2013 - IXA 2013 Congress
Joint Plenary Session: How can we overcome Immune Responses associated with Presensitization? - Optimal Regimen, Accommodation and B-Cell Tolerance
16.5 - B cell tolerance
Presenter: Megan, Sykes, Boston , United States
Mixed xenogeneic chimerism is a promising approach to achieving tolerance across allogeneic and xenogeneic barriers. T cell tolerance, which is achieved through mixed chimerism, assures the absence of an induced antibody response to the donor. However, natural antibodies (NAb) limit the success of xenogeneic transplantation. In addition to T cell tolerance1,2, which develops largely through a deletional mechanism2,3, mixed chimerism leads to tolerance of anti-carbohydrate (αGal) Nab-producing B cells in Gal transferase (GalT) knockout mice4,5. Even the anti-Gal B cells in presensitized GalT KO mice can be rendered tolerant when high doses of Gal+ bone marrow are given6. Ratàmouse mixed xenogeneic chimeras prepared with non-myeloablative conditioning are tolerant at the level of NAb-producing B cells, both for αGal (in GalT KO mice) and for non-Gal specificities7-10. Anti-Gal-reactive cells consist of B-1b B cells that are enriched in the peritoneal cavity and only produce antibody following activation in vitro11,12 . Upon antigen exposure in vivo, these cells can lose CD11b expression and migrate to the spleen11,12. Pre-existing anti-Gal-producing B cells are rapidly tolerized by an anergy mechanism that is later followed by deletion of donor-reactive B cells when mixed chimerism is induced with Gal+ donors5,6,9. This tolerance is dependent on complement receptor expression by non-hematopoietic cells of the recipient13, which we hypothesize are splenic follicular dendritic cells (FDCs) that pick up immune complexes via their complement receptors. New studies on the role of FDCs, complement and secreted antibody in tolerizing these anti-Gal-producing B cells will be presented. Our data collectively suggest a model wherein, upon binding to Gal antigen, Gal-binding B cells fix complement on the cell surface and interact with complement receptors expressed on FDCs. These interactions may be critical both for anti-Gal antibody responses and tolerance induction by mixed chimerism induction.

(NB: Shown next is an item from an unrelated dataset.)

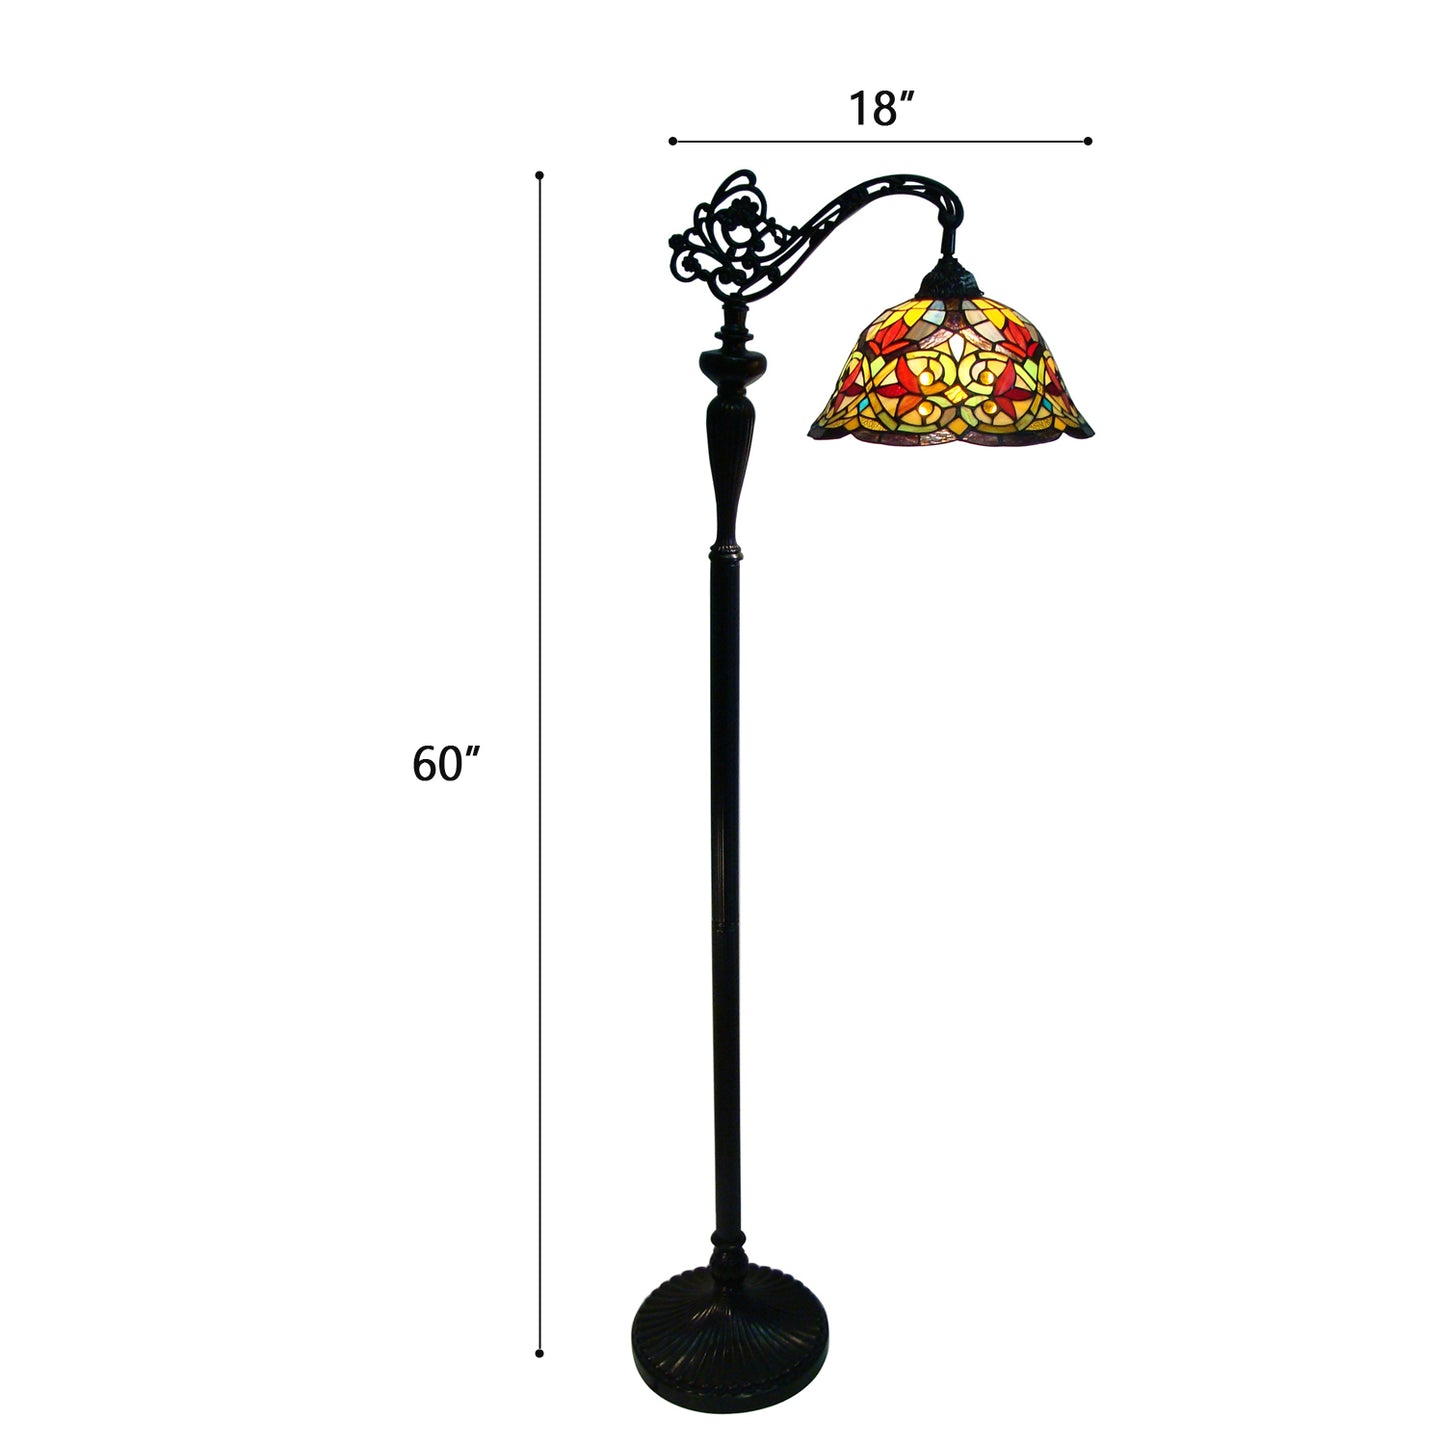 Verona Tiffany Style Stained Glass Arched Floor Lamp, F1220

In mice that are presensitized to alloantigens and therefore contain preformed anti-donor alloantibodies, engraftment of bone marrow expressing the same alloantigens is markedly impaired. When B cell-deficient mice were used as recipients, presensitization could be overcome with a non-myeloablative regimen involving high doses of donor marrow, permitting durable mixed chimerism and acceptance of second skin grafts by mice that had previously rejected donor skin14. However, this method did not achieve mixed chimerism in wild-type mice that were presensitized more than one year earlier and in which anti-donor alloantibody had disappeared. The bone marrow transplant did not induce a secondary antibody response but was instead associated with an increase in anti-donor cytokine-producing T cells14. Thus, in addition to producing alloantibodies that resist engraftment, B cells play an important role in driving a memory T cell alloresponse that is particularly resistant to conditioning with T cell depletion and costimulatory blockade. It will be essential to overcome this memory response in order to achieve mixed chimerism and allograft tolerance in allopresensitized recipients. Moreover, the ability to overcome presensitized anti-Gal responses with non-myeloablative conditioning by giving large doses of allogeneic Gal+ marrow suggest that a similar memory T cell population is not induced against carbohydrate antigens, making it possible to achieve mixed chimerism in the presence of high levels of these antibodies.